· The UN Convention on the Rights of the Child and the two Optional Protocols
After Palestine became party to the UN Convention on the Rights of the Child, it has become necessary to implement its provisions. Proceeding from the role of the Ministry of Justice in protecting rights and in assisting this group, this convention identifies the main rights of the child in 54 articles and in two optional protocols. As such, every child should be aware of his rights and governmental institutions shall strive to provide them. The four basic principles of the convention are summarized as: non-discrimination, the concerted efforts for the best interests of the child, the right to life, the inherent right to, the right to grow-up and the right to respect the opinion of the child.
· The Two Optional Protocols annexed to the Rights of the Child
The General Assembly of the United Nations adopted in 2005 the two optional protocols annexed to the Convention relating to the protection of children from sexual exploitation and the engagement in armed conflicts.
The optional protocol on the non-engagement of children in armed conflicts identifies 18 as the minimum age for military conscription and requests countries to exert maximum efforts to prohibit those under 18 from direct involvement in hostile activities.
The optional protocol on child trafficking, child prostitution, the involvement of children in porn stresses the necessity to criminalize these serious violations to the rights of the child and focuses on raising general awareness and international cooperation in the efforts aimed at combating such violations.
· General comment no (10) of 2007 – the Rights of the Child in Juvenile Justice
This comment is considered of utmost importance since it is linked to the Convention on the Rights of the Child as far as juveniles are concerned. Moreover, it also identifies the necessity to have a comprehensive national policy to address juvenile issues and to encourage the use of alternative measures to punishment that deprive of liberty, and this is what the Ministry of Justice strives for by endorsing alternative punishment and the principles of reconciliation and mediation in juvenile cases.

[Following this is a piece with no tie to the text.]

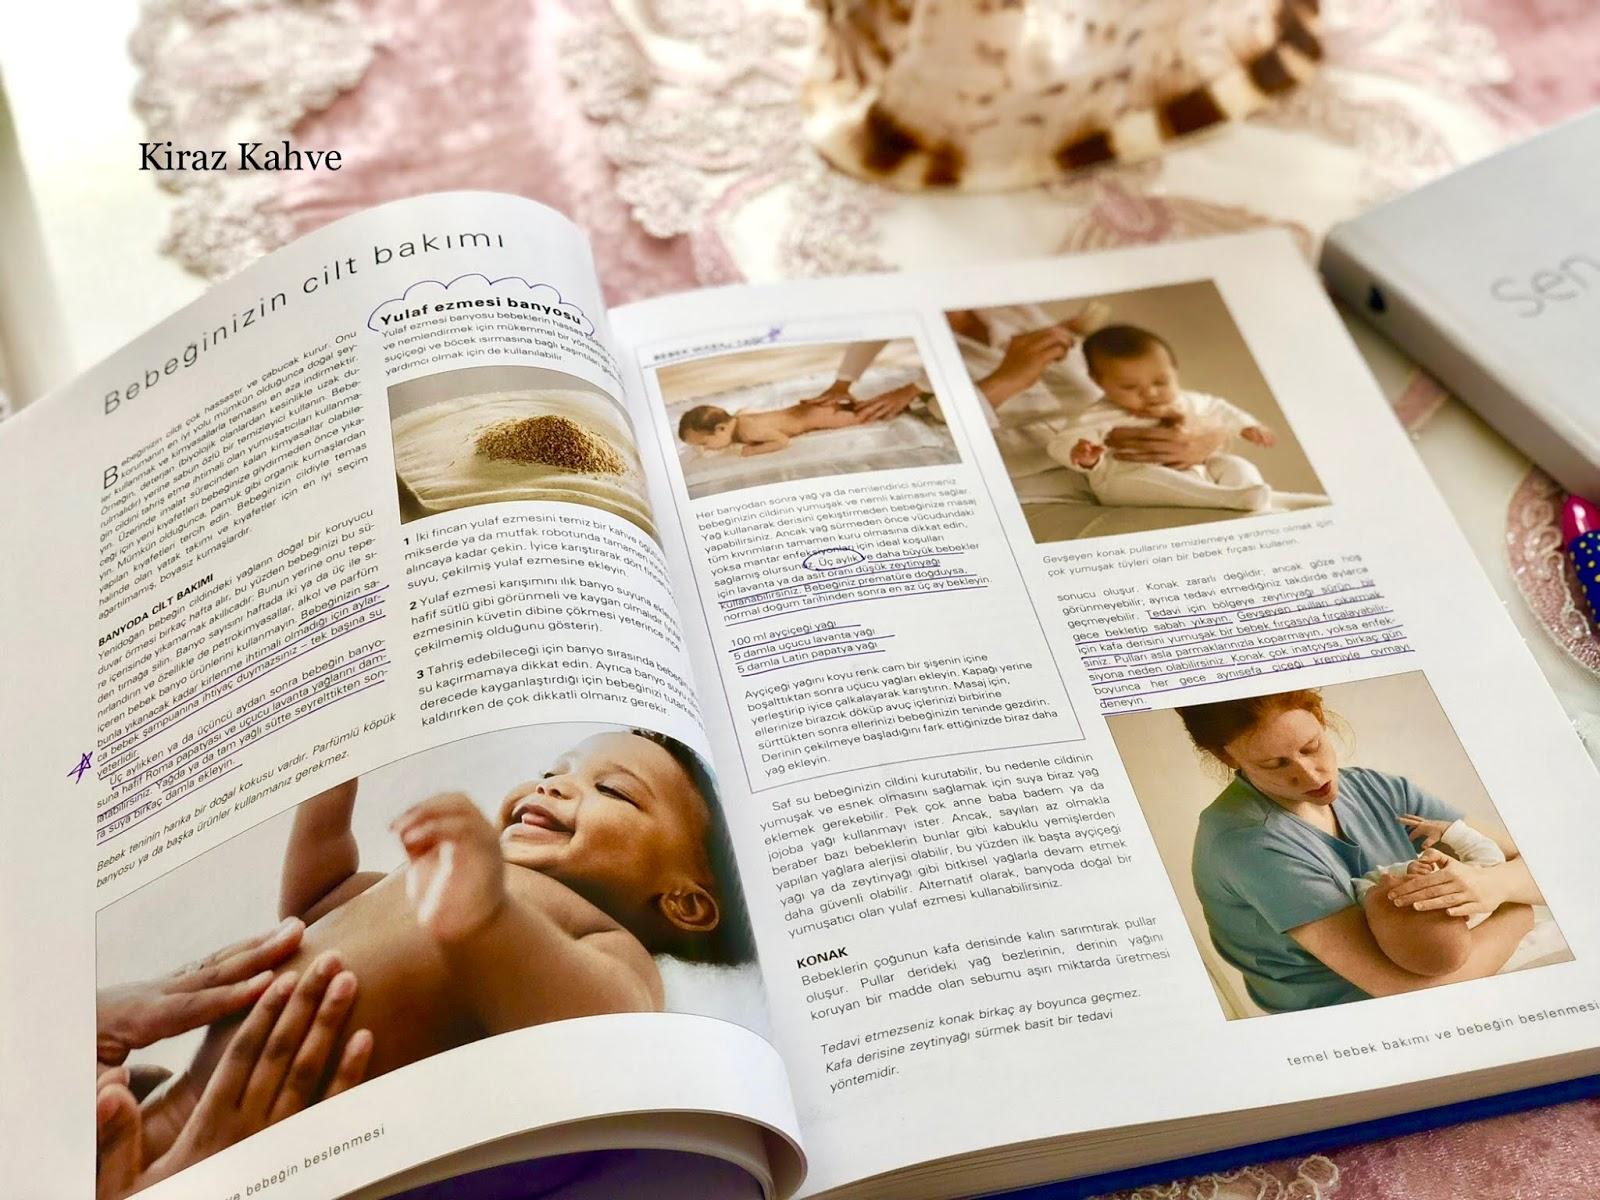 kim davies bebek bakımı ansiklopedisi

· The Palestinian Child Law as amended
This law is considered an important and basic law for the Palestinian child since it aims to protect the child, his proper and safe upbringing in a society that protects and enhances the rights of the child.
As such, this law is considered the foundation for building the plans that support the child and the Ministry of Justice strives to raise the child’s legal awareness of his rights provided for in this law.
This law is in harmony with the international conventions and standards on the rights of the child and takes into consideration the best interests of the child.
· Draft Law on the Palestinian Juvenile Protection
The Ministry of Justice, together with all the pertinent official bodies contributed in drafting the Draft Law on Palestinian Juvenile Protection which aims to protect the child who commits an illegal act, ensure his treatment in a way that suits his physical and mental development and that takes into consideration the privacy of the child as to the extent of his perception of the act he committed and its consequences. This draft provides for alternative punishment that deprive of freedom, and is considered of utmost importance in changing the traditional view on the juvenile from criminal to victim.
· The United Nations Rules for the Protection of Juveniles Deprived of their Liberty
These rules request that juveniles are not deprived of their liberty and that imprisonment is the last resort by countries. The rules had been organized so that they constitute convenient standards of reference and provide encouragement and guidance to those working on organizing the affairs of juvenile justice. This is what the Ministry of Justice strives for within its plans.